[llvm-dev] DW_OP_implicit_pointer design/implementation in general

Pavel Labath via llvm-dev llvm-dev at lists.llvm.org
Mon Nov 18 02:08:11 PST 2019


On 15/11/2019 18:54, David Blaikie via llvm-dev wrote:
>        You’d need such a DIE if you wanted the debugger to be able to
>     look at the return value from source() anyway,
> 
> 
> Not so far as I know - with GDB (& I assume LLDB) when you call a 
> function and return from it (eg: "finish" or "step" that steps across 
> the end of a function) the debugger prints out the return value (using 
> the DW_AT_type of the DW_TAG_subprogram that was executing & its 
> knowledge of the ABI to know where/how that value would be stored during 
> the return) & you can actually then query it and do other things using 
> the artificial variable name GDB provides

[Not really related to DW_OP_implicit_pointer, but I though this is 
worth mentioning.]

I'm not sure how gdb does this (though I don't know how it could do 
anything different), but the way this is implemented in lldb is a bit 
dodgy, and often does not work for non-trivial return types (== types 
that cannot be returned "by value" in registers).

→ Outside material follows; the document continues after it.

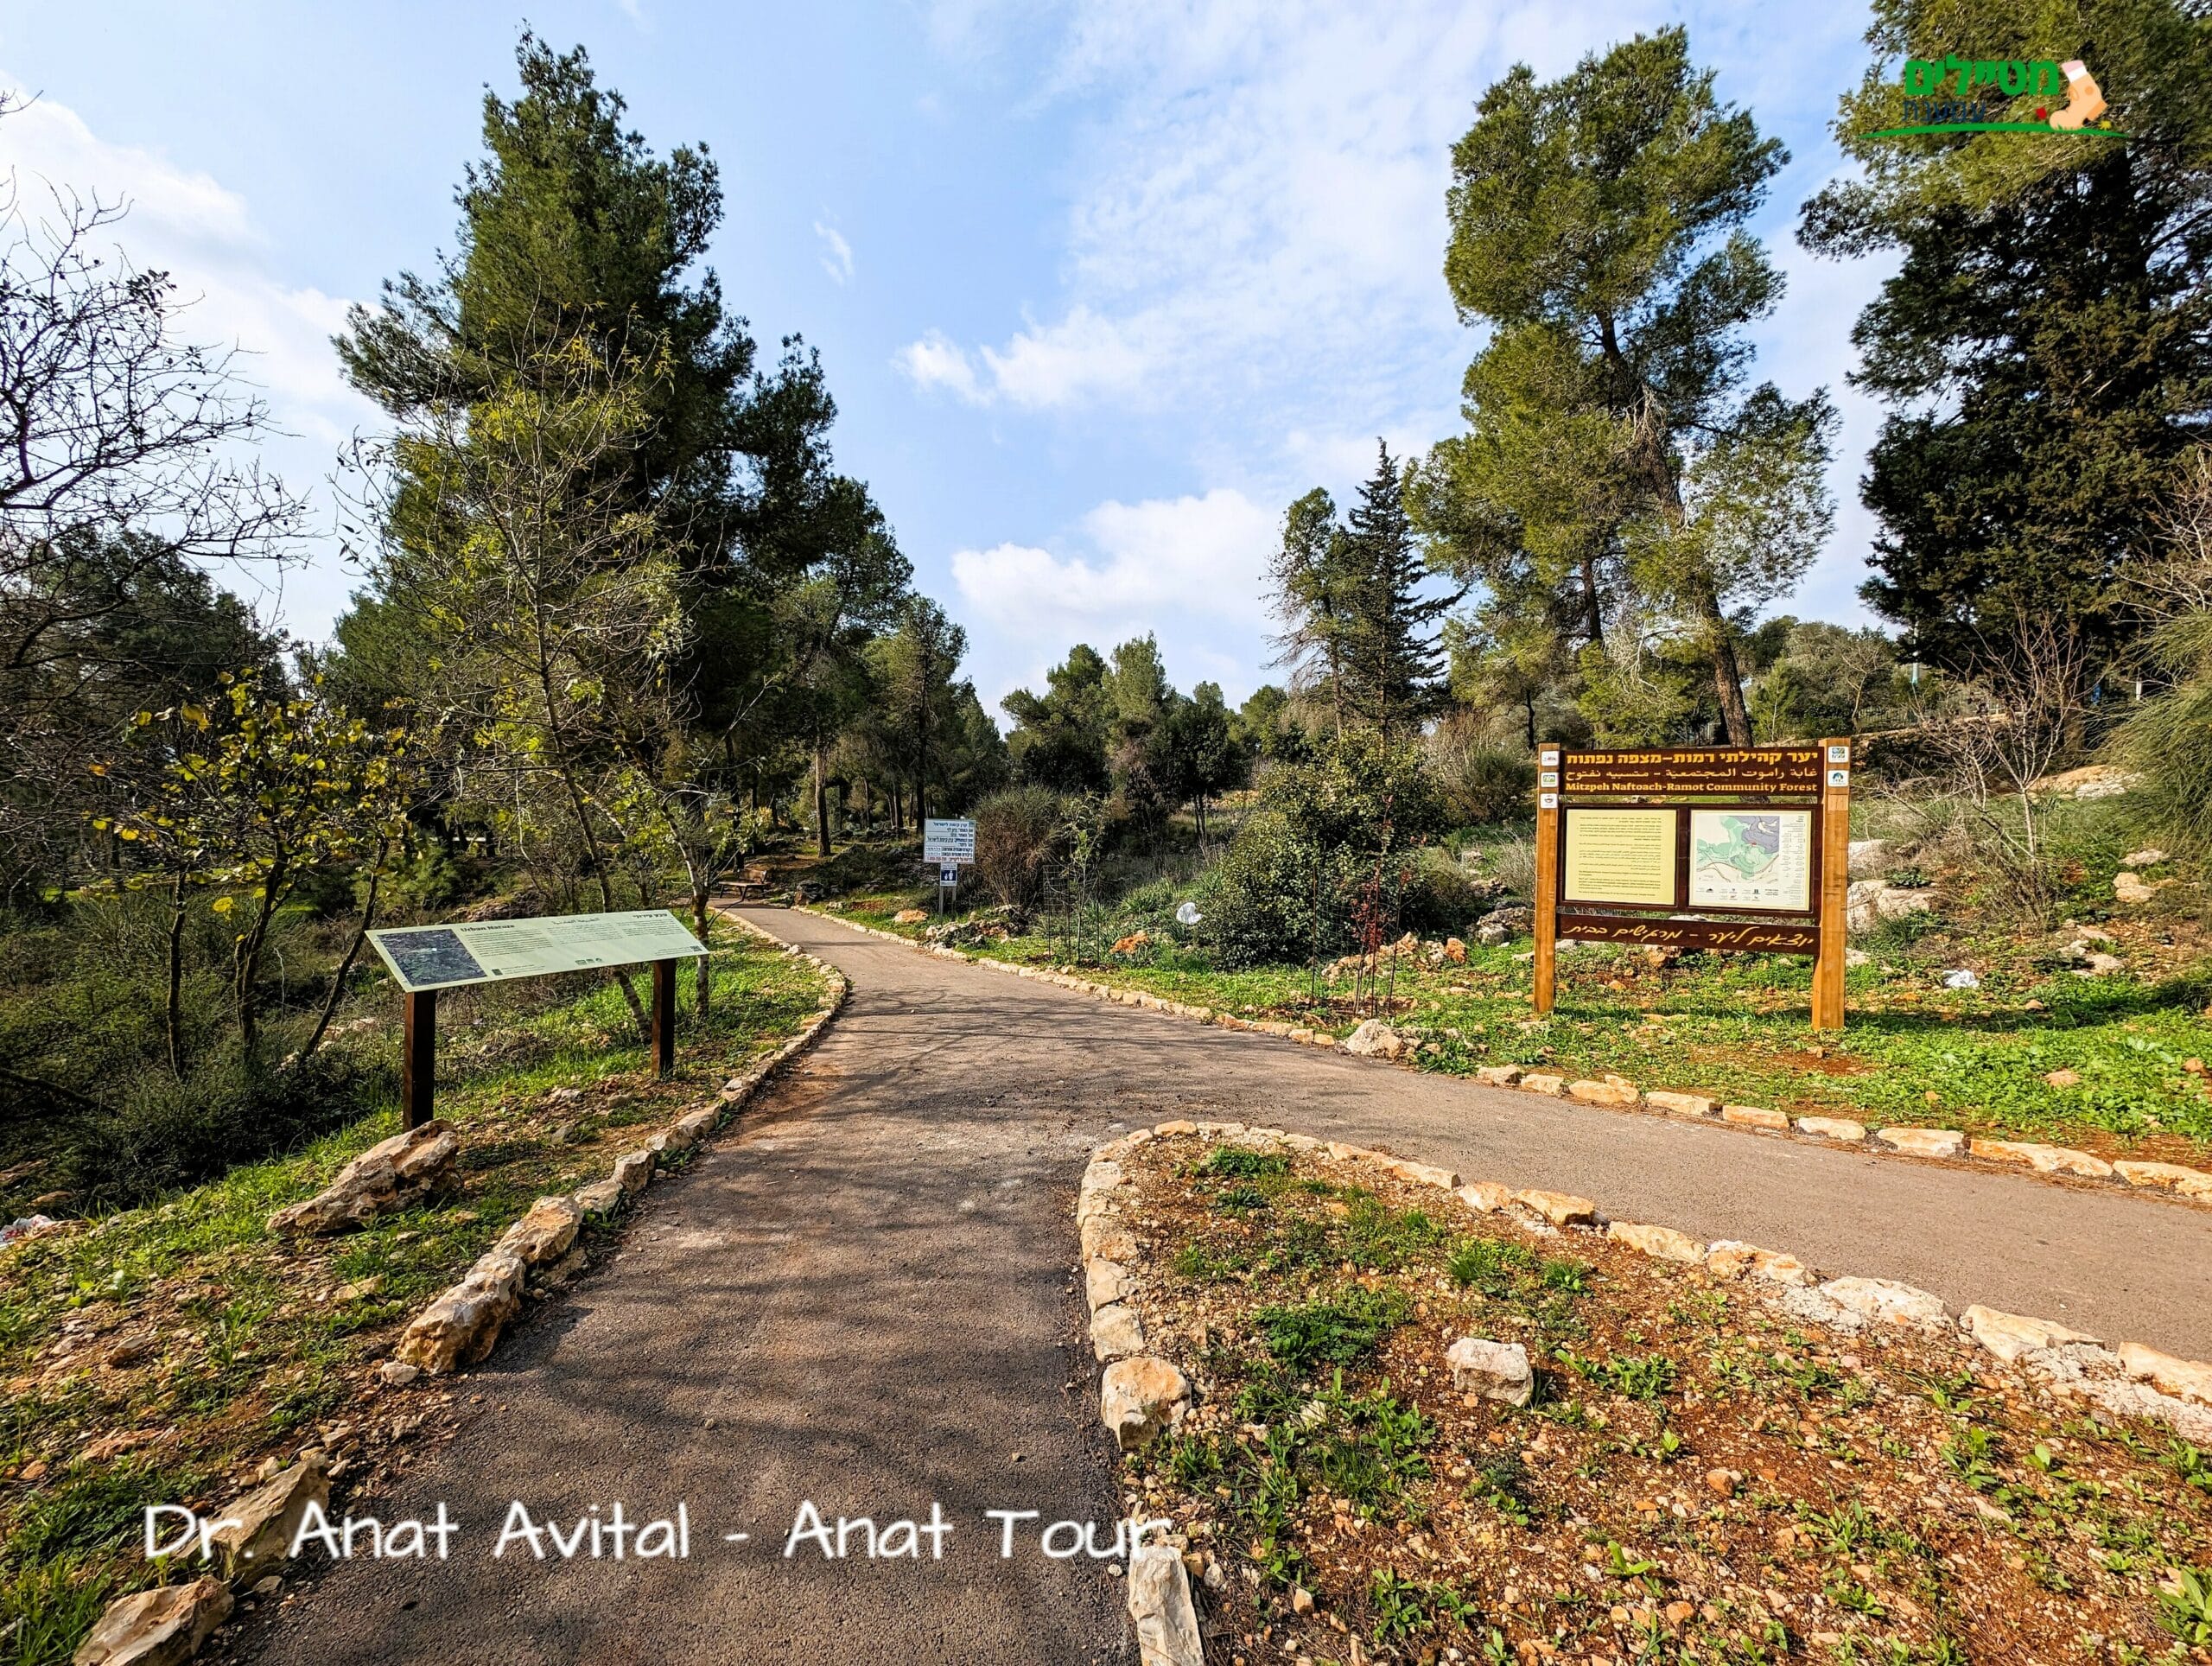 יער קהילתי רמות ירושלים, חניון יום ופריחה, צילום: ד"ר ענת אביטל

The reason for that is that in these cases the ABI usually specifies 
that the address to store these return values is passed to the callee 
via some register. This register is usually also volatile, and the 
callee is free to reuse it for something else. That means that at the 
end of the "finish", in general, we're unable to know what the value of 
that register was at the *entry* to that function.

What lldb does right now is read the value of this register *after* the 
function returns, and hopes that it has not been modified. This works 
for simple leaf functions, but it can fail easily in more complex 
scenarios, particularly when optimizations are enabled.

Anyway, what I'm trying to say is that having a more trustworthy method 
of specifying the value/location of the function result would not be a 
completely bad idea. Or maybe there already is one and we're not using it?